Friday, March 10, 2023

NET GAINS

Opening this weekend:

Champions--Just like Gene Hackman in Hoosiers, Woody Harrelson is a hotheaded basketball coach who loses jobs over violent outbursts on the court. Just like Keanu Reeves in Hardball, he has a coaching gig forced on him, in this case as community service in lieu of jail time. In short, Champions follows the standard sports movie playbook plot point for plot point. The variation, this time, is that Harrelson is assigned to a Special Olympics team made up of players with intellectual disabilities.

Thus the obvious worry, going in, is that these characters will be either ridiculed or patronized, or both. The director is Bobby Farrelly, half of the Farrelly Brothers, who in earlier films have indeed derived broad comedy from intellectually disabled characters; his brother Peter Farrelly, who we saw advising the filmmakers with Down syndrome in the documentary Sam and Mattie Make a Zombie Movie, insists that they "revere" such people but refuse to sentimentalize or condescend in their depictions of them.

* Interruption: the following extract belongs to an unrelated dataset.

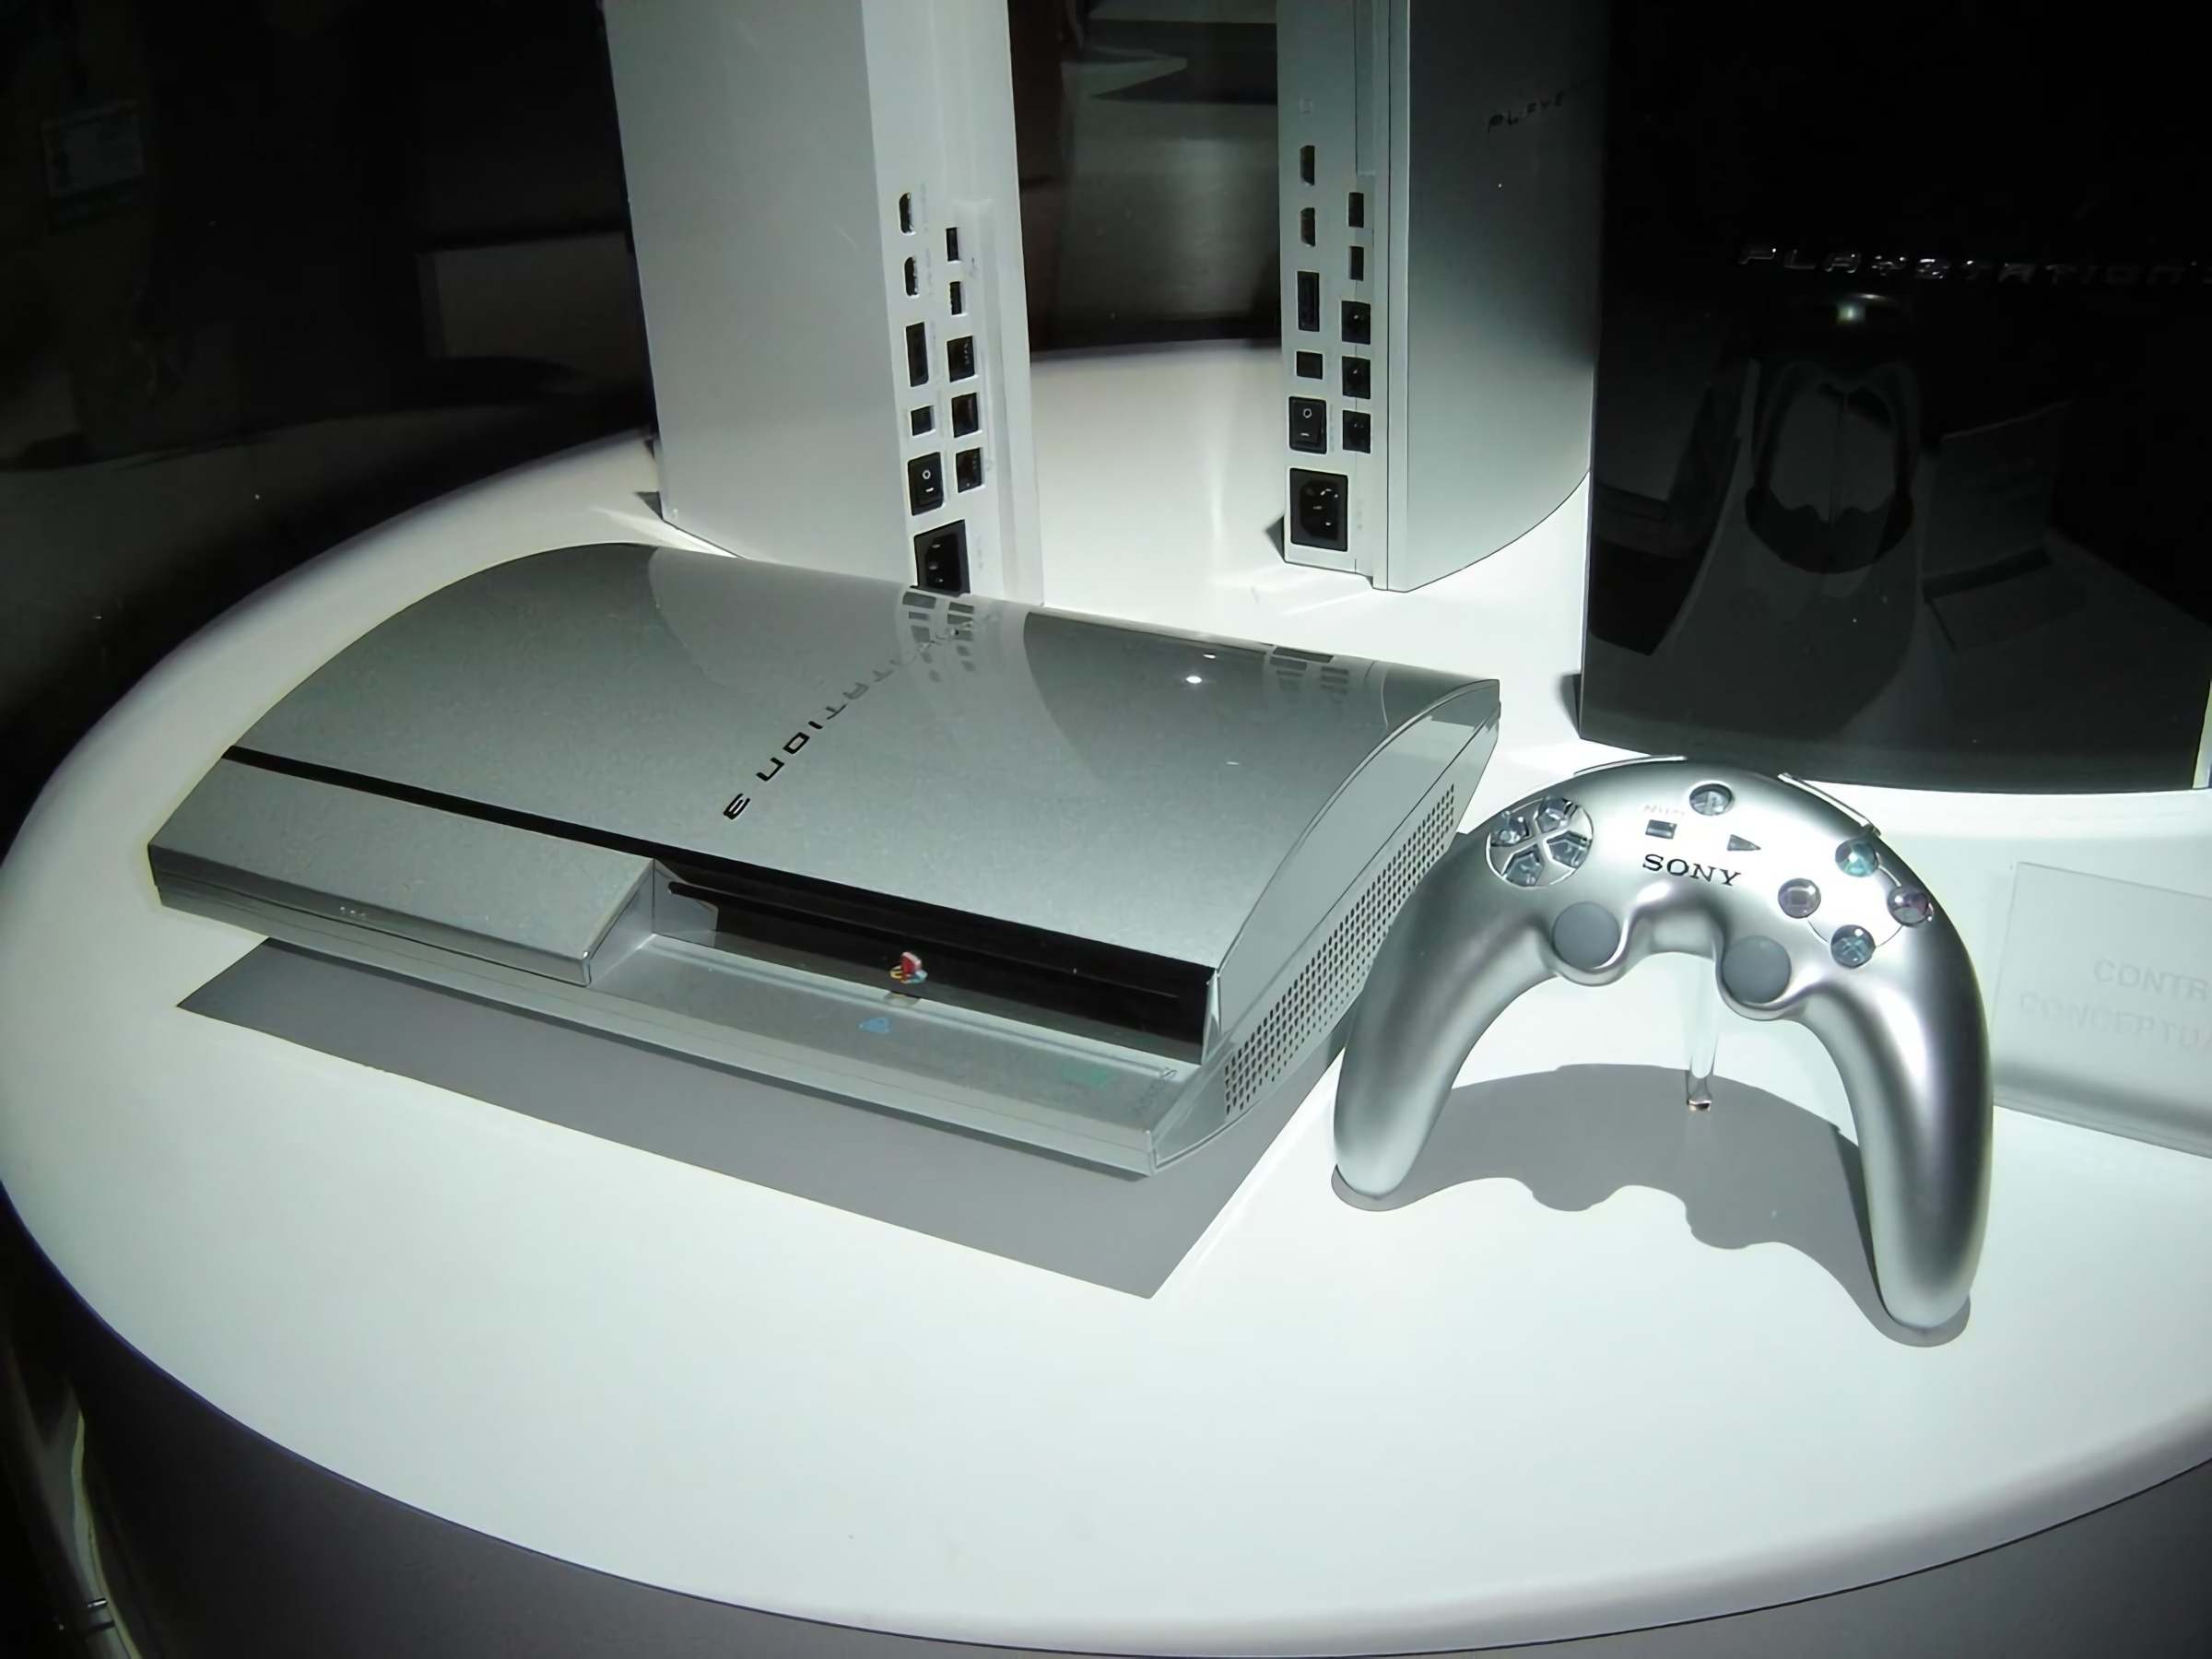 Ps5 wifi. Sony ps3 Silver. PLAYSTATION 3 Console Prototype. Sony ps1 DEVKIT. Ps3 контроллер Бумеранг.

How does this approach work out in Champions? Well, certainly the quirks and limitations of Harrelson's ballers are played for laughs, but I think no more insultingly than in, say, The Mighty Ducks or Dodgeball or, for that matter, Major League, or any other formula sports flick about the triumph of a ragtag bunch of misfit underdogs.

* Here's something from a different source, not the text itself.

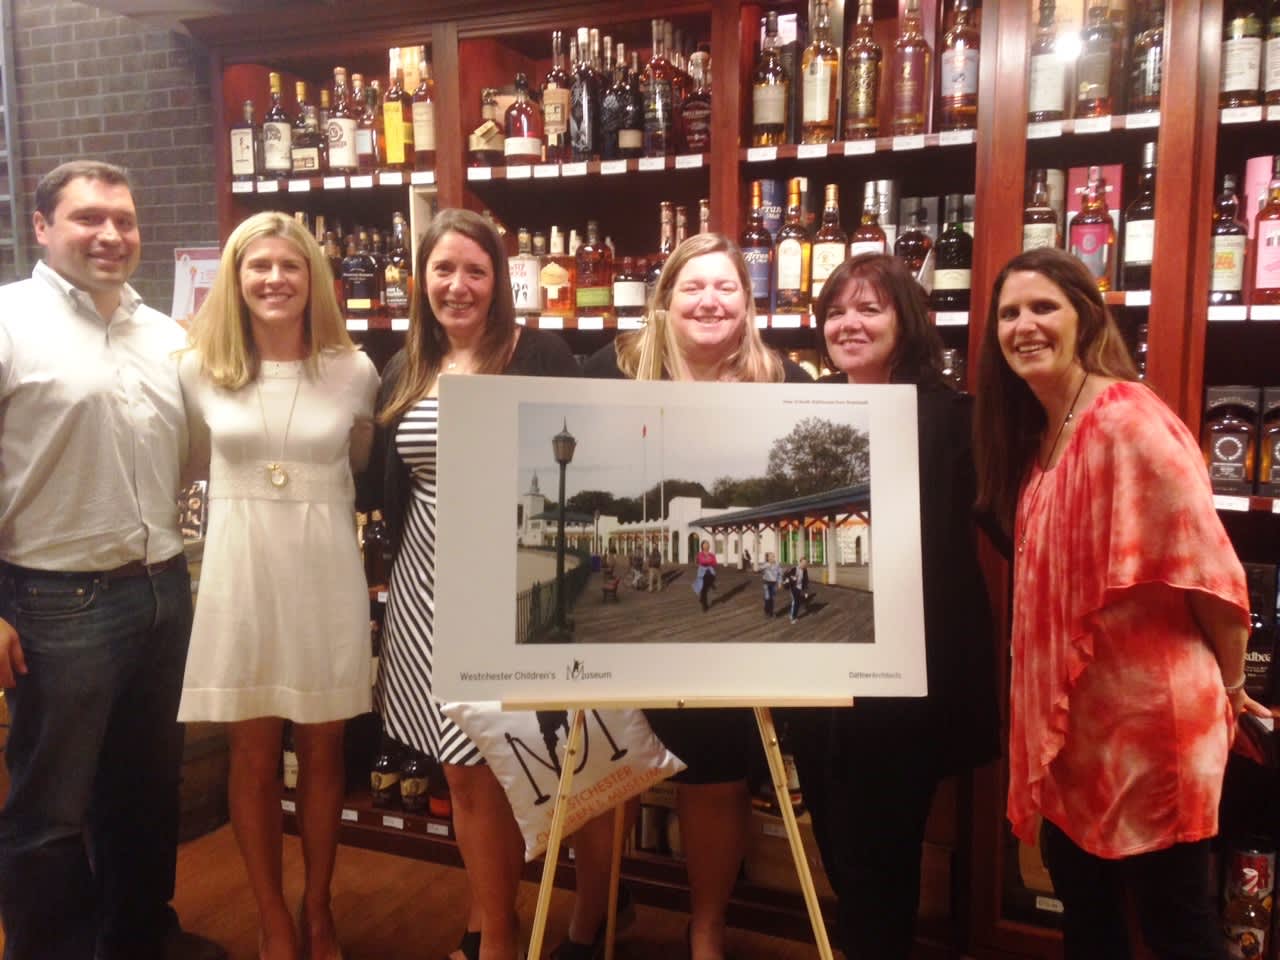 From left to right: Anthony D'Arpino, Carly D'Arpino, Francesca Vitti, Maggie O'Hara, Heather Waters and Carolyn Spencer at the Harrison Wine Vault's recent fundraising event.

It helps, too, that the coach is generally the butt of the jokes. More importantly, the actors who play the team members are spirited, ebullient, confident performers with vivid personalities. They also bring out the best in Harrelson, who responds to them with what appears to be genuine warmth and delight.

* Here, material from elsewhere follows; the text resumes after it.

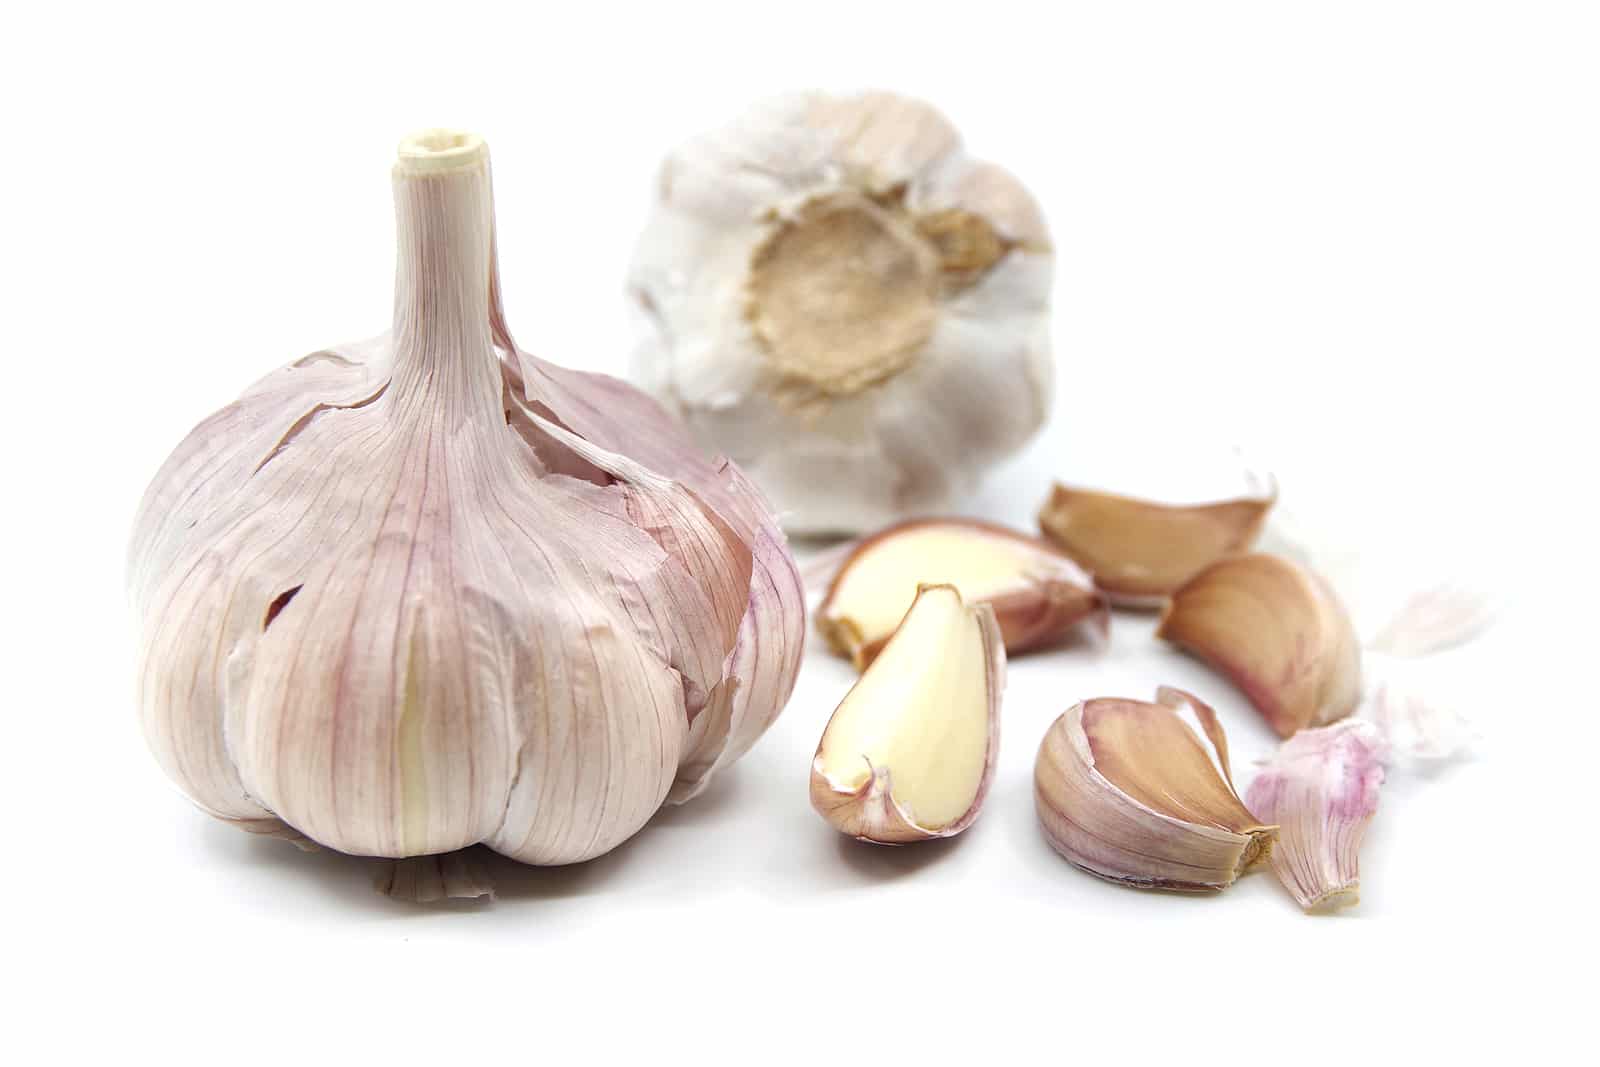 Harsh and Toxic Truths About Chinese Garlic

Aside from the charming engagement between these actors and the star, the movie, set in Des Moines but mostly filmed in Canada, is pretty by-the-numbers, though it's pleasant and watchable (it's a knockoff, by the way, of a 2018 Spanish film called Campeones, a hit in that country). Ernie Hudson and Cheech Marin turn up in supporting roles but have little to do. Harrelson's love interest is Kaitlin Olson as a small-potatoes Shakespearean actor and the protective sister of one of the players, and the bantering dialogue Mark Rizzo provides for them isn't a disgrace. And I'm predisposed to like any movie in which the climax of The Winter's Tale is used to teach the pick-and-roll.